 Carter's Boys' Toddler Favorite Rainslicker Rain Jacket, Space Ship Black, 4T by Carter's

_____

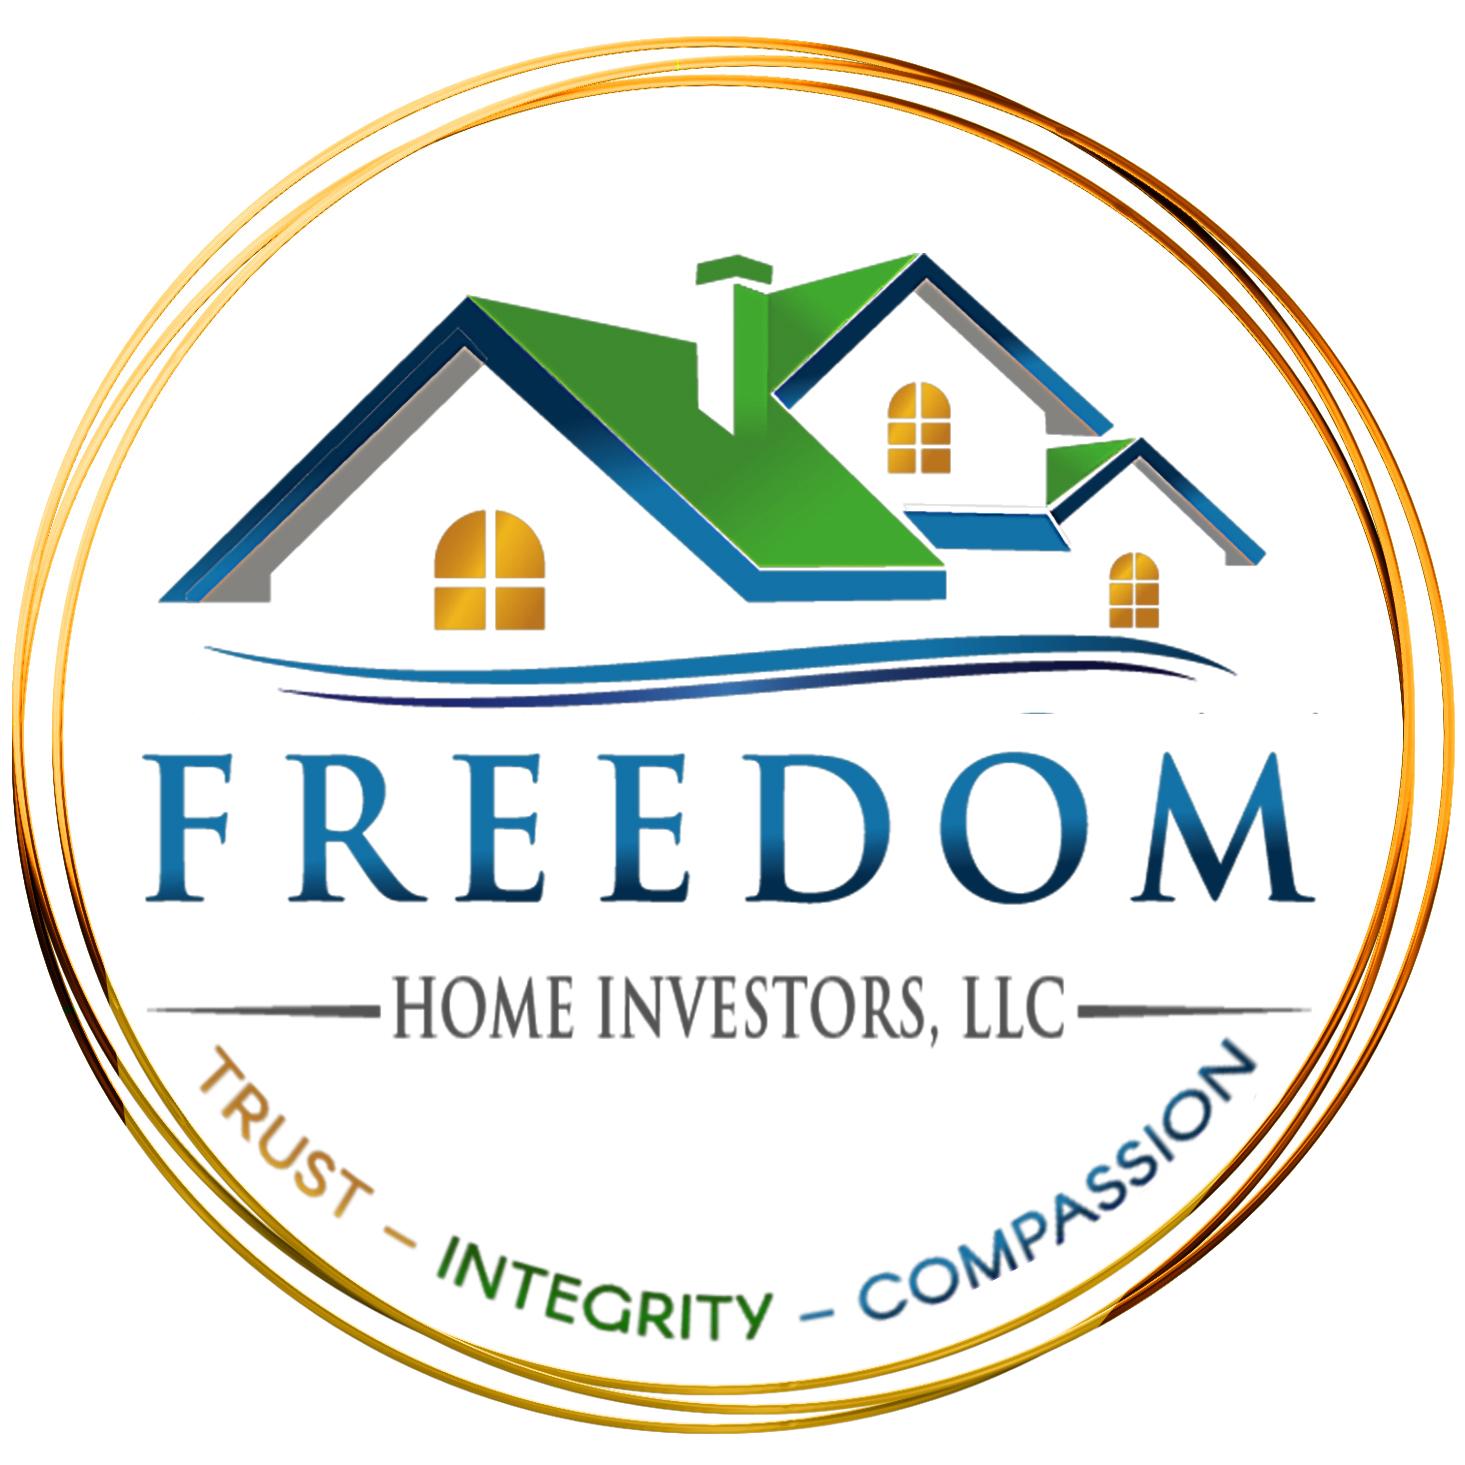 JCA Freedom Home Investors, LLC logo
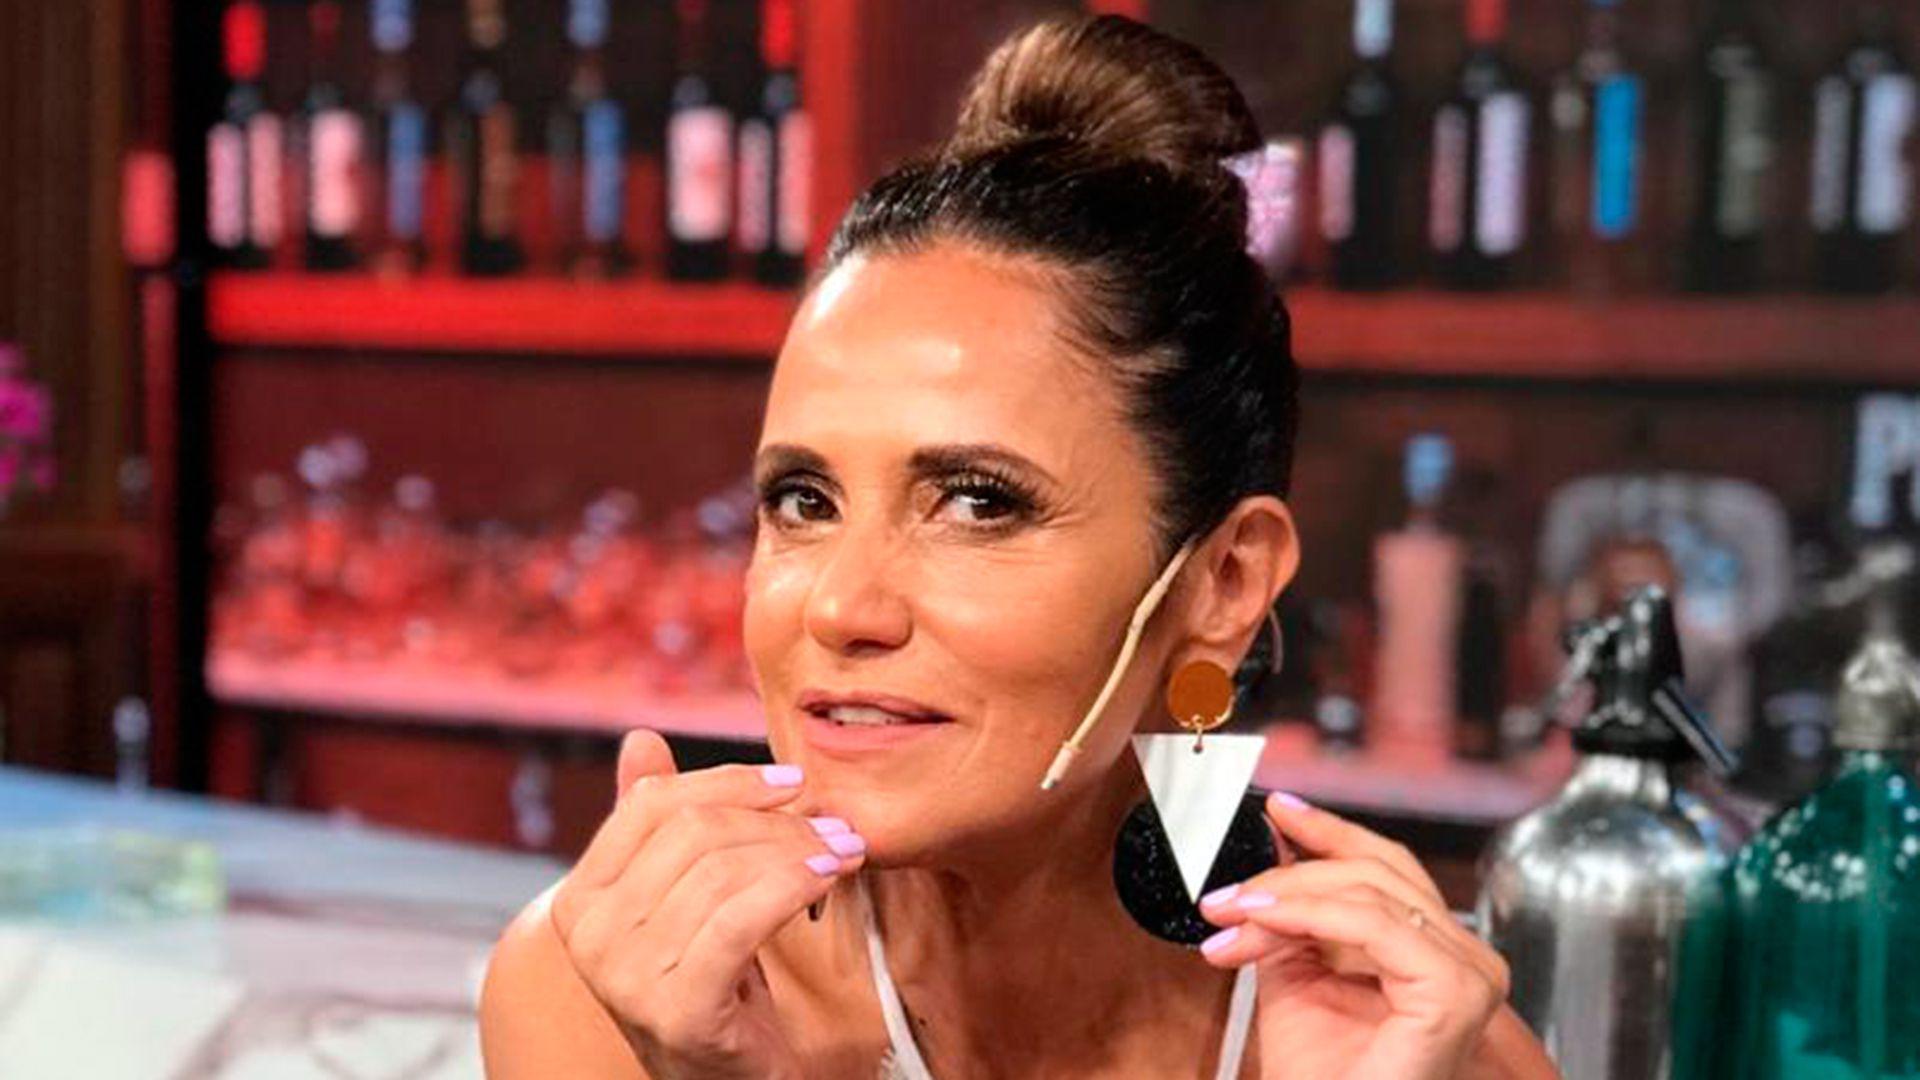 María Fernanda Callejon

_____

> **WHAT THE TASK ASKS**: Reproduce the listing above from the line that holds "JCA Freedom Home Investors, LLC logo" through the line that holds "María Fernanda Callejon", both included, with the pictures left out.

> **ANSWER**:
 JCA Freedom Home Investors, LLC logo
 María Fernanda Callejon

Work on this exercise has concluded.